Every line below is to be copied exactly, with the pictures left out.

+++ Source data

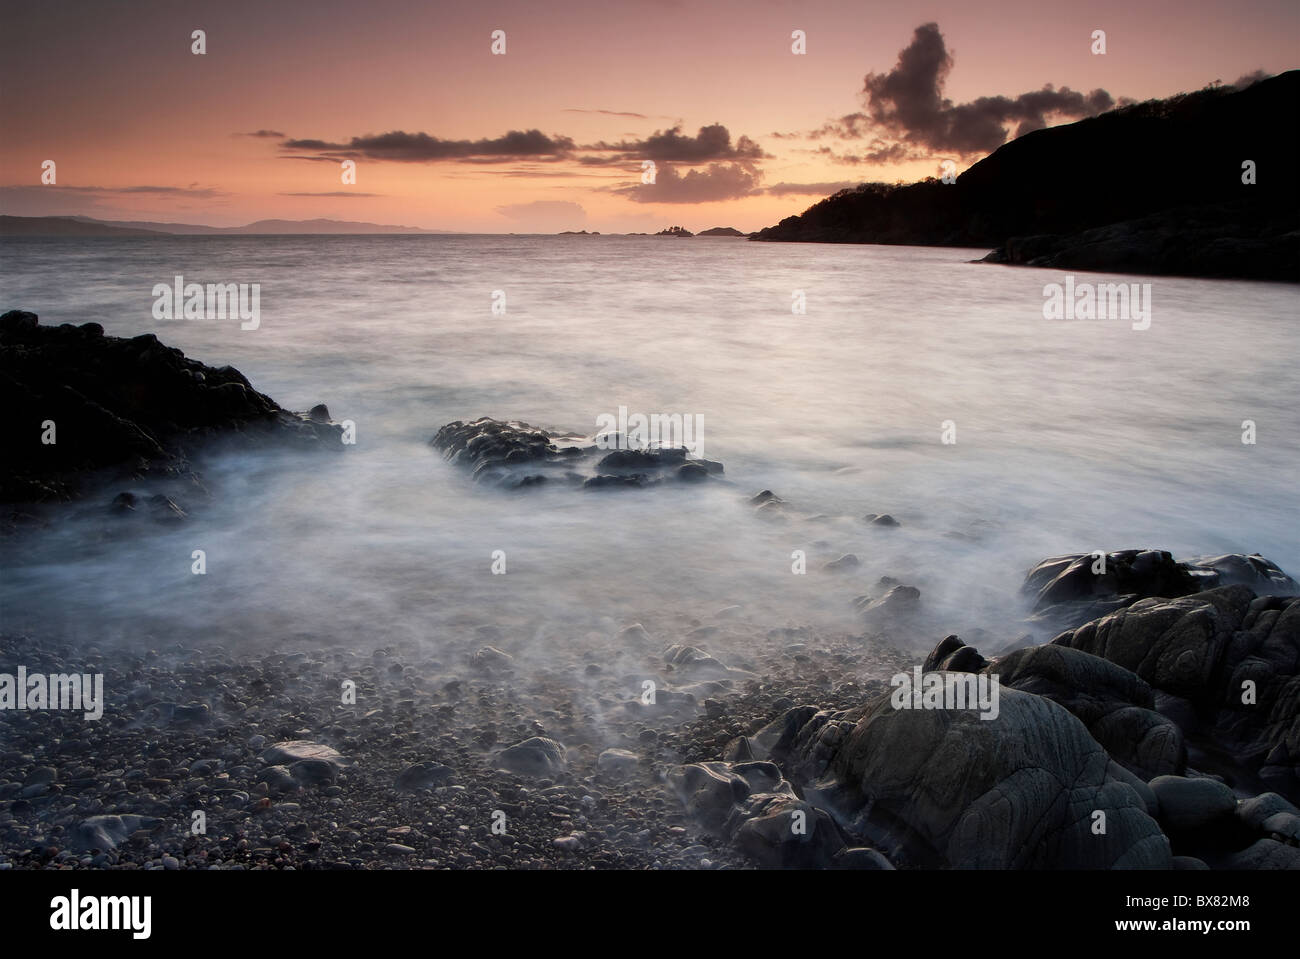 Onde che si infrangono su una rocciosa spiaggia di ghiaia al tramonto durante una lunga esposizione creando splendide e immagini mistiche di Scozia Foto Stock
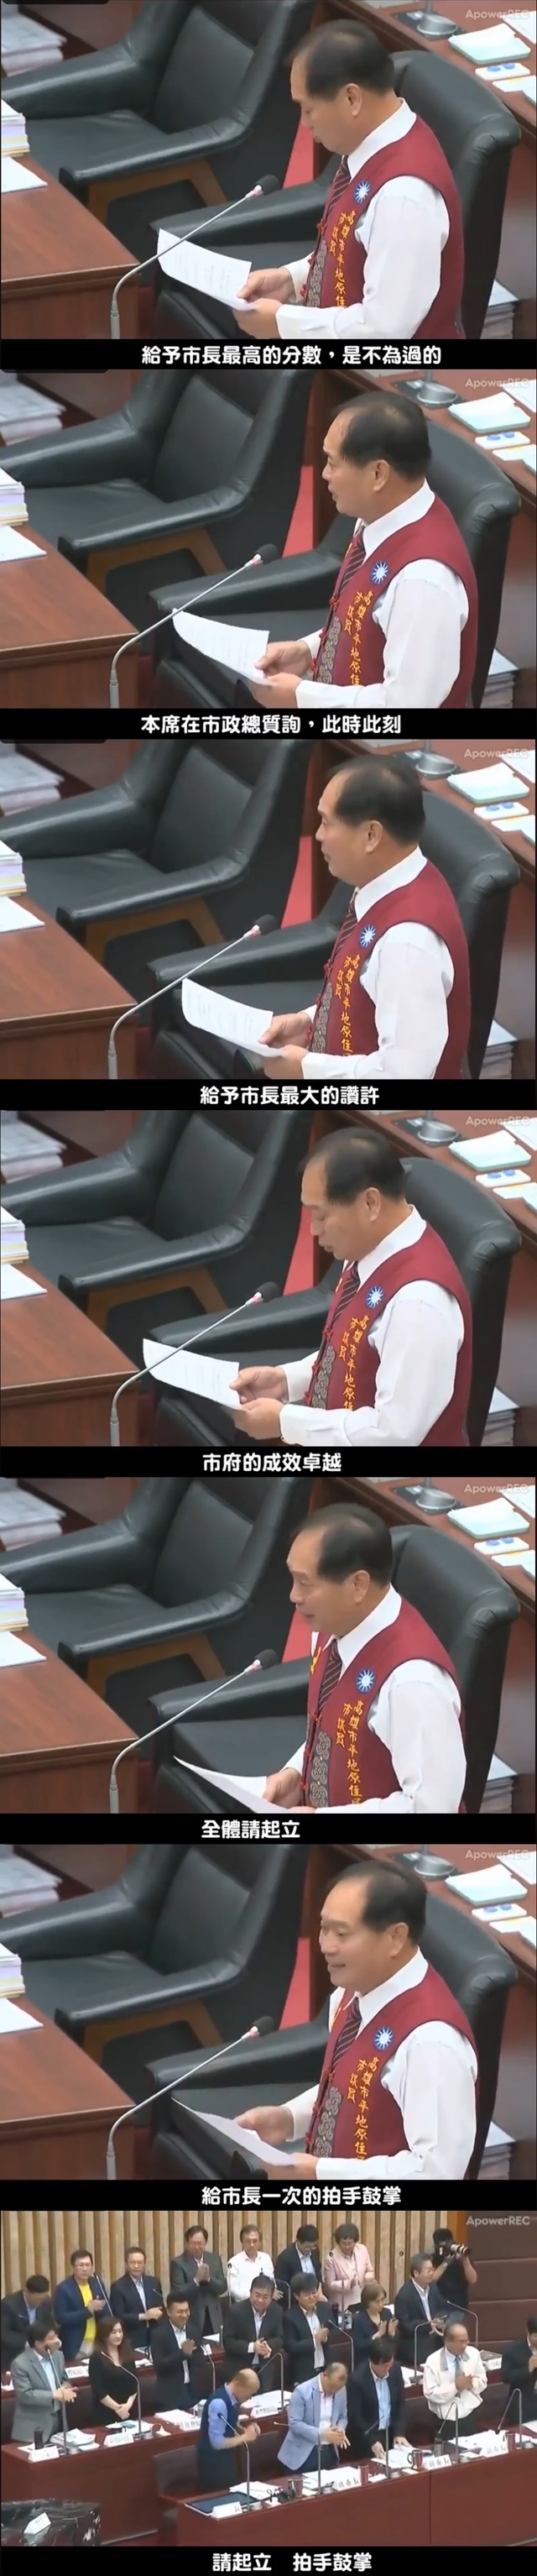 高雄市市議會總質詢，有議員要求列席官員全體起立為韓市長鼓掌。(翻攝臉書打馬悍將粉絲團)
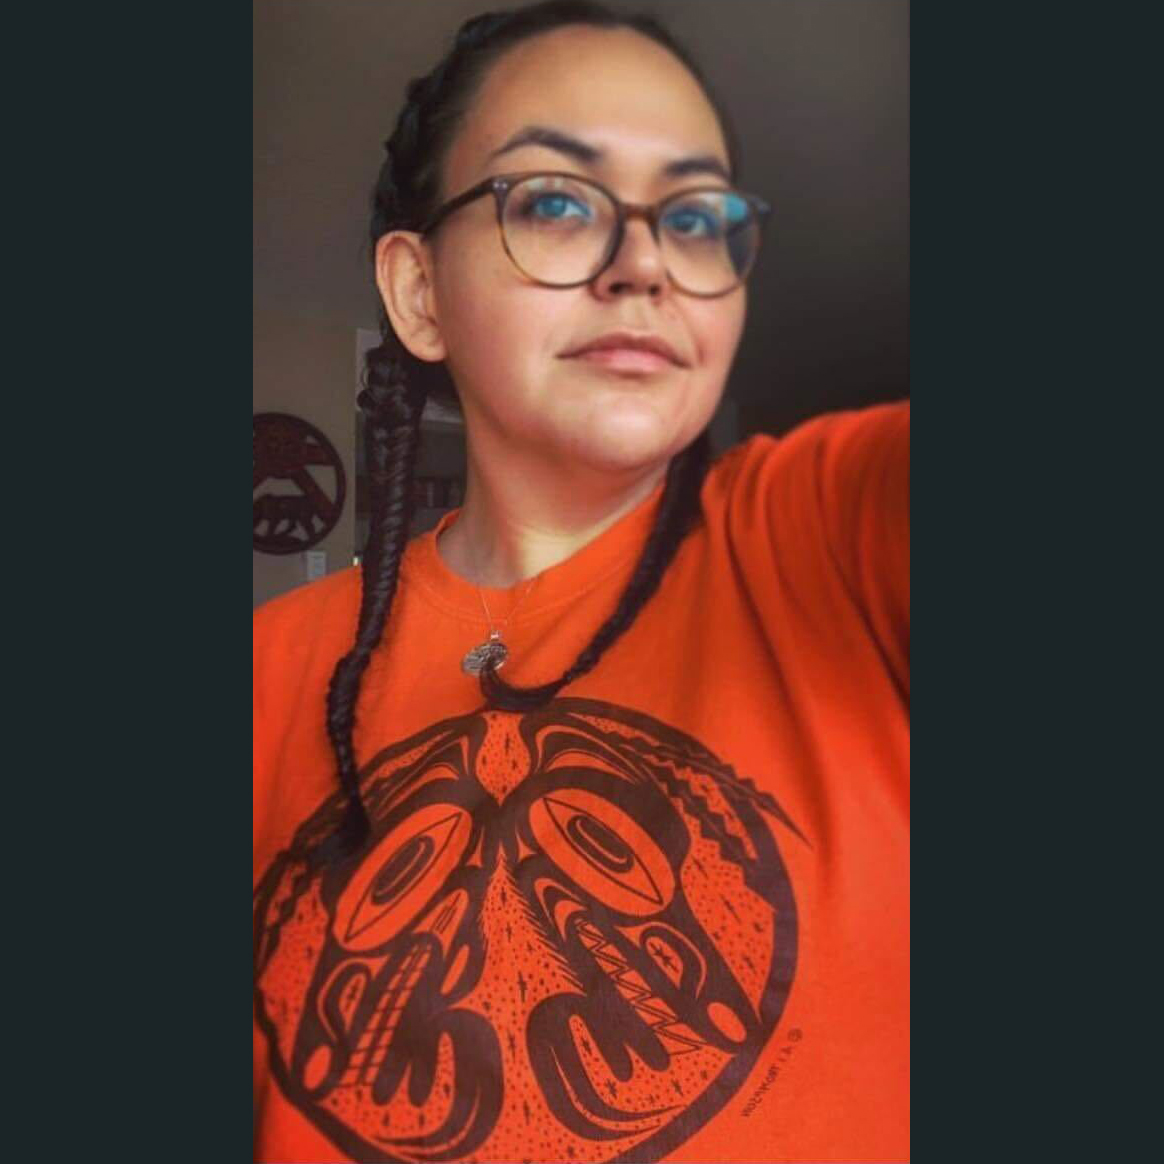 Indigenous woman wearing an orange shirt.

++++++

**Output below:**
 Onde che si infrangono su una rocciosa spiaggia di ghiaia al tramonto durante una lunga esposizione creando splendide e immagini mistiche di Scozia Foto Stock
 高雄市市議會總質詢，有議員要求列席官員全體起立為韓市長鼓掌。(翻攝臉書打馬悍將粉絲團)
 Indigenous woman wearing an orange shirt.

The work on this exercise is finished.